18.13. Backpropagation and Training of Neural Networks: Overfitting and Underfitting
Backpropagation is a fundamental algorithm in training neural networks, especially when it comes to deep learning. It is responsible for adjusting the weights of a neural network in order to minimize the difference between the predicted outputs and the expected outputs (training labels). This process is done by calculating the gradient of the loss function with respect to each weight in the network, which allows efficient updating of the weights in the direction that reduces error.
How does backpropagation work?
The backpropagation algorithm works in two main steps: forward propagation (forward pass) and backward propagation (backward pass). During forward propagation, input data is passed through the network to generate an output. In the backward propagation step, the gradient of the loss function is calculated and propagated back through the network, updating the weights as needed.
The loss function, also known as the cost function, measures how well the neural network is performing its task. A common loss function is cross-entropy for classification problems and mean squared error for regression problems. The goal of training is to minimize this loss function.
Training Challenges: Overfitting and Underfitting
During training a neural network, we may encounter two main problems: overfitting and underfitting.
Overfitting
Overfitting occurs when the neural network learns the training data set so well that it becomes unable to generalize to new data. This usually happens when the network has too many parameters (is too complex) relative to the amount of training data available. As a result, the network may capture noise or random patterns that are not representative of the overall process being modeled.
To combat overfitting, several techniques can be applied:
- Regularization: Adds a penalty term to the loss function to discourage large, complex weights in the network.
- Dropout: During training, some neurons are randomly dropped, which helps the network become less sensitive to specific weights.
- Early Stopping: Training stops before the network has a chance to overfit the training data.
- Data Augmentation: Augments the training dataset with modified data, which can help the network learn more generalizable features.
- Cross Validation: Uses different partitions of the dataset to train and validate the model, helping to ensure that the model generalizes well to new data.
Underfitting
On the other hand, underfitting occurs when the neural network is too simple to capture the complexity of the data. This means that the network does not learn even basic patterns from the training data, resulting in poor performance on both the training set and the test set.
To resolve underfitting, we can:
- Increase Network Complexity: Adding more layers or neurons can help the network capture more complex patterns.
- Extend Training Time: Allowing the network to train longer can help it learn patterns in the data better.
- Optimize Hyperparameters: Tuning hyperparameters such as learning rate and batch size can improve the learning process.

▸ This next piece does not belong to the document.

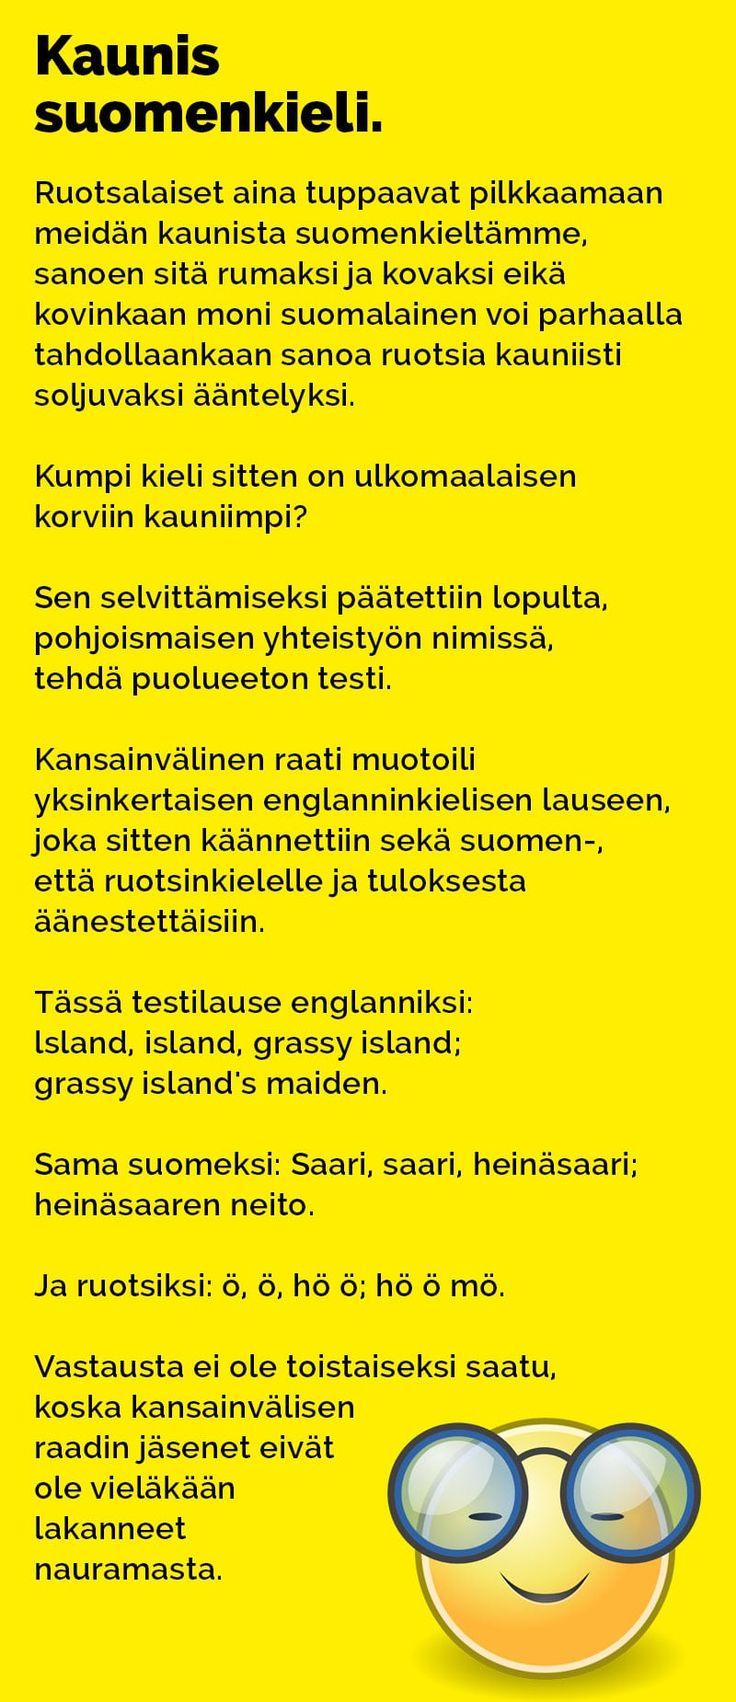 Kaunis on suomen kieli, mutta ehkäpä sitä ilosanomaa ei näin kannattaisi levittää?

- Enrich Training Data: Adding more data or resources can give the network more information to learn from.
Conclusion
Backpropagation is a central piece in training neural networks, allowing them to learn from data efficiently. However, it is crucial to be aware of overfitting and underfitting issues, which can compromise the network's ability to generalize to new data. Through the use of techniques such as regularization, dropout, early stopping, data augmentation and cross-validation, we can mitigate the risk of overfitting. Similarly, to avoid underfitting, we can increase the network complexity, extend the training time, optimize the hyperparameters, and enrich the training data. With these strategies in mind, it is possible to train neural networks that not only fit well to training data, but also maintain high performance on never-before-seen data.